Carlene Davis (born c.1953) is a Jamaican gospel and reggae singer active since the 1970s. Successful since the early 1980s as a reggae artist, she survived cancer in the mid-1990s, after which she dedicated her career to gospel music. She has released over ten albums.

Biography
Davis was born in Colonels Ridge, Clarendon Parish and moved to England with her parents at the age of fourteen, where she began to perform professionally a year later, playing guitar in an all-female band before joining the pop trio Toreadores. She then moved to Toronto, Ontario, Canada where she lived for eight years. Davis initially found fame as a reggae singer. She recorded her debut single in Toronto, a version of "Leaving on a Jet Plane", and had a local hit with a version of Jimmy Cliff's "The Harder They Come".

In 1980, she returned to Jamaica to advance her career, and performed at the Reggae Sunsplash festival in 1981. Also in 1981, she finished runner-up in the Festival Song Contest with "Peace and Love". She had hits in Jamaica with "Like Old Friends Do", "It Must Be Love", "Winnie Mandela", "Stealing Love on the Side", "Dial My Number" and "Going Down to Paradise", and released a string of albums in the 1980s and first half of the 1990s, becoming one of Jamaica's more established female reggae artists. In 1985, she recorded a duet with Gregory Isaacs titled "Feeling Irie" on his Private Beach Party album. In 1990, she was named Best Female Vocalist at the Caribbean Music Awards. She toured as part of the Reggae Sunsplash World Peace Tour in 1991.

In 1996, she was diagnosed with breast cancer and her Christian faith became a more important part of her life. She returned to recording gospel music, which she had first recorded in the early 1990s. She released the album Vessel in 1998, and in 2000 her single "This Island Needs Jesus" was a major hit in several Caribbean countries. She became involved in cancer charity work, with half of the proceeds from her 2003 album Author and Finisher going to the Jamaica Cancer Society. Davis has continued to perform regularly, including appearances at the Redbones Blues Revue, Fun in the Son, and Live on the Waterfront.

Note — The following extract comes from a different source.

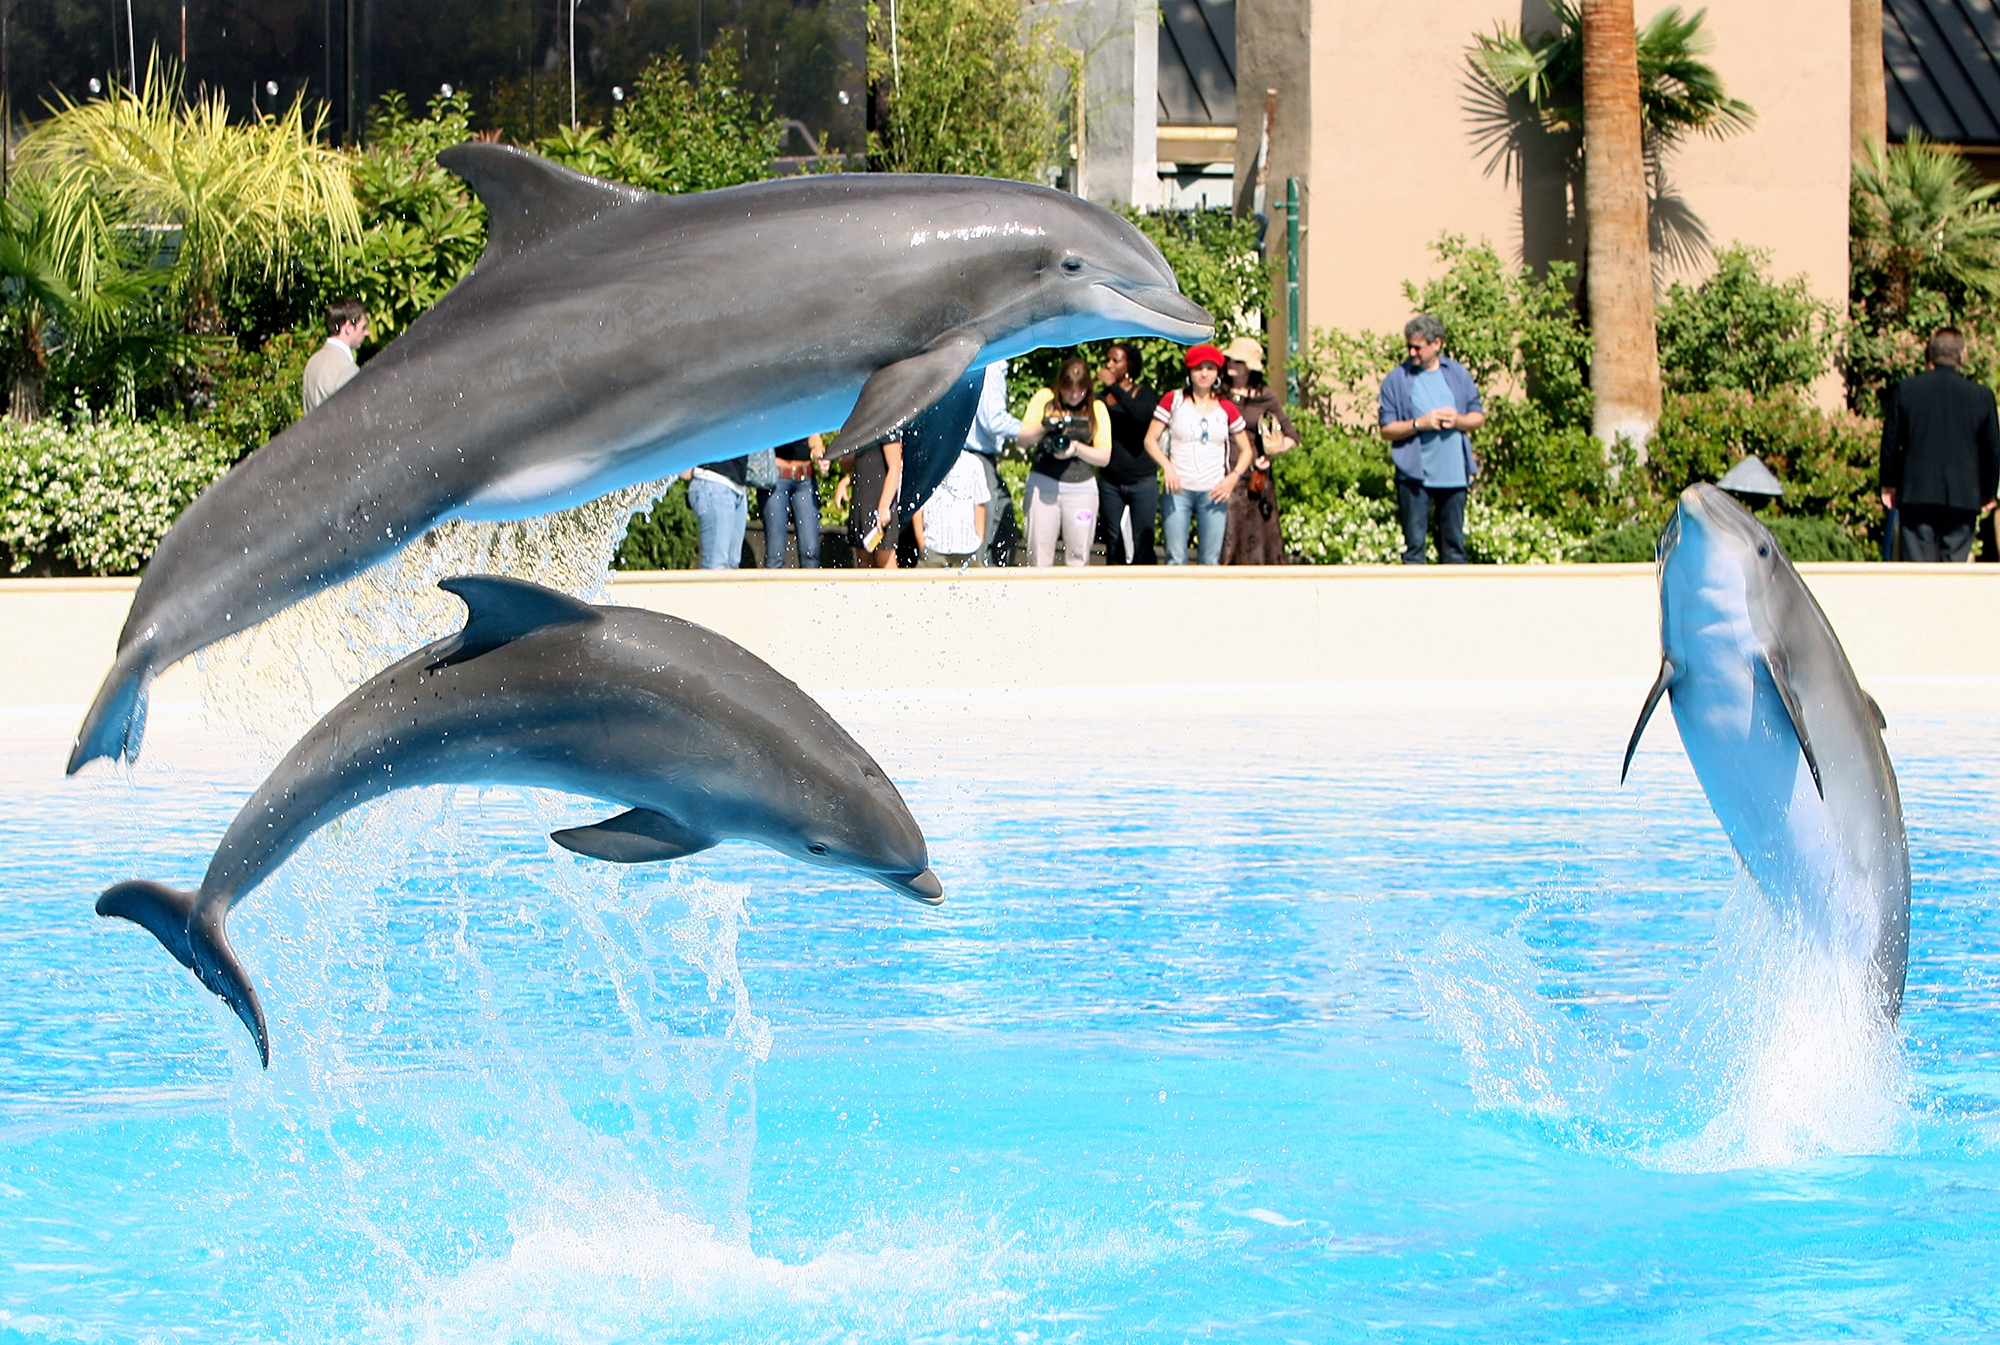 Dolphins leaping out of a blue pool of water as tourists look on at the Mirage Las Vegas

In 2000, Davis was named minister of music for The Family Church on the Rock in Kingston. In 2006, she gained a doctorate in pastoral counselling from the Trinity Theological Seminary in South Florida.

By the mid-2000s, Davis had her own recording studio, Judah Recording, and the Glory Music productions record label, run with her husband Tommy Cowan.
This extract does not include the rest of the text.